Evolving Habitat

The appearance of the Ridgefield subdivision residence in Fishers looks like the typical suburban home at first glance. However, as one ventures from the front of the house to the backyard, a dramatic transformation takes place. The evolution from a manicured lawn to a backyard native habitat continues to progress.

The transformation from a typical suburban yard to a native landscape began seven years ago with the planting of the first purple coneflower in the yard. Little did the gardener (or his wife) know that the Echinacea obtained from his father would turn into a passion. Since that first planting, the gardener has replaced much of the prior landscape with natives. The conversion began gradually at first with the replacement of those plants that were considered invasive or potentially invasive. The privets, barberry, burning bush, and butterfly bush at the side of the house were replaced with arrowwood viburnum and chokeberry. However, the landscape conversion eventually graduated to a major landscape expansion.
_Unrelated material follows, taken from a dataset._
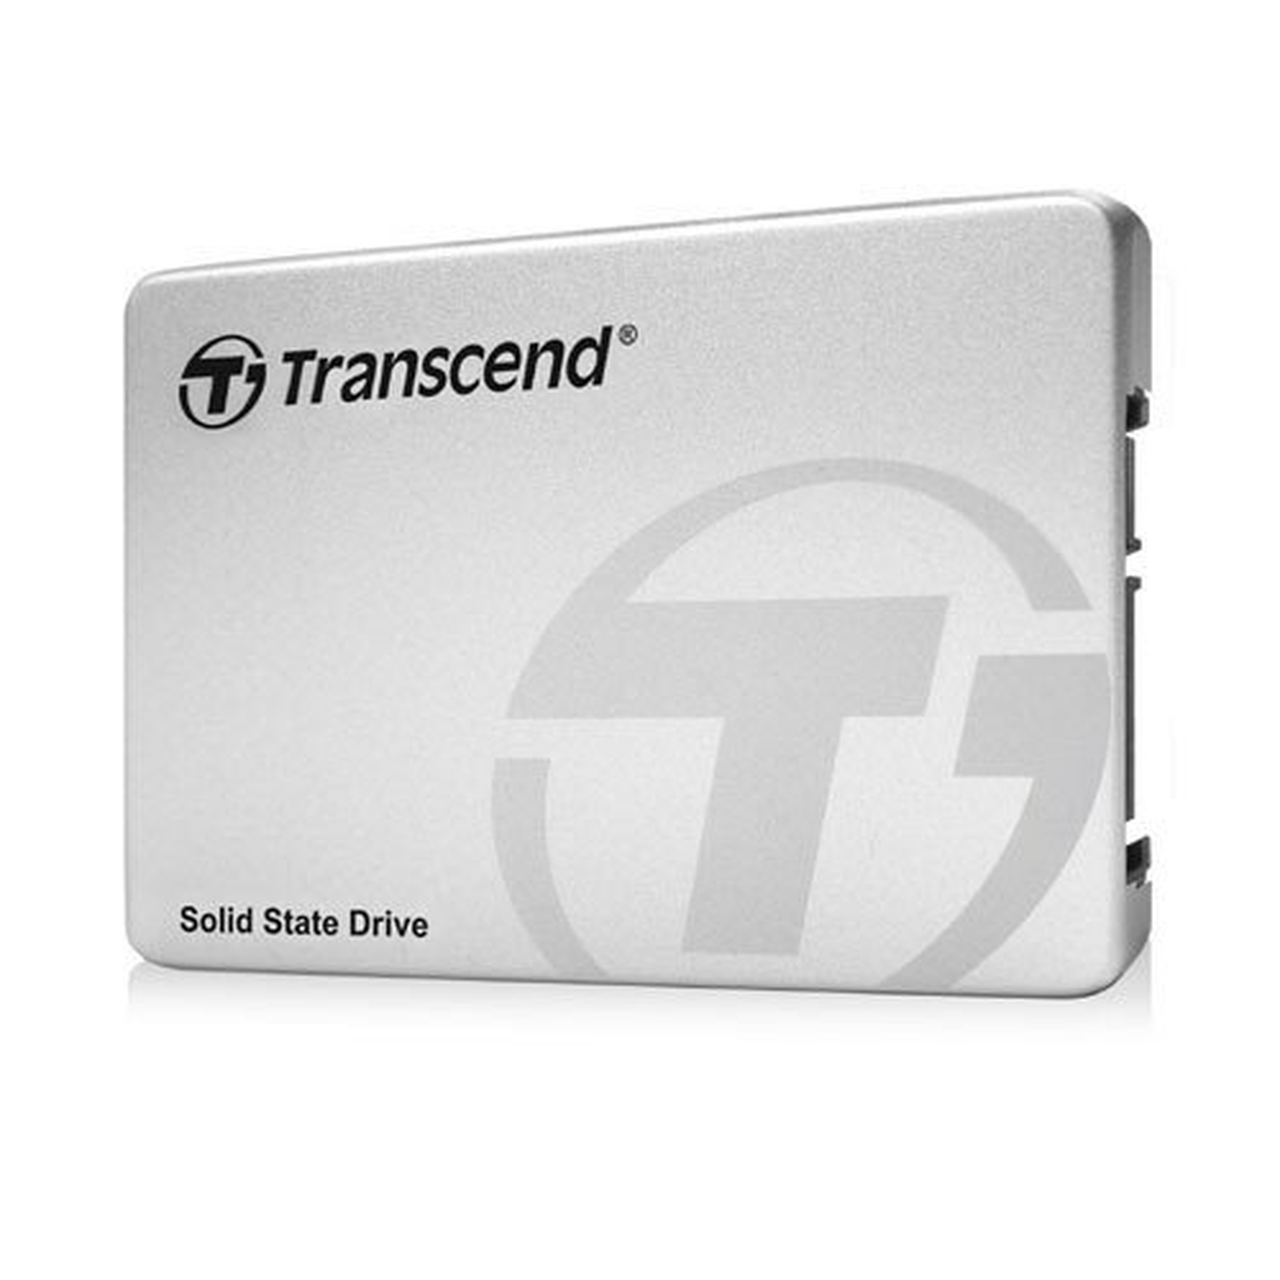 Transcend SSD 2.5インチ 256GB SATAIII対応 換装 [TS256GSSD370S]【送料無料】

Over the past few years, the backyard has undergone a significant landscape change. Much of the lawn (mowed grass) was replaced with native plantings ranging from the native shrub border hedge to rain gardens and native wildflowers. Furthermore, the plantings continue to expand and have consisted of 100% native plants. Various stages of landscaping maturity can be witnessed as portions of the native planting have been installed over each of the past several years, including a major expansion this Spring.

The focus of the landscape conversion has been to create a suburban WILDLIFE HABITAT. The native plants are an integral piece in attracting wildlife as they provide the required food, shelter, young rearing places, and insect host plants. As a result of this native plant habitat, many species of wildlife can now be found. Songbirds and butterflies, including the Indiana DNR Rare Species List White M Hairstreak butterfly, are frequent visitors and residents.

This gardener was the leader in the conversion of the Ridgefield subdivision community grassy area to the NATIVE PARK (see “Community Savings” site). His analysis and other information are available at the residence.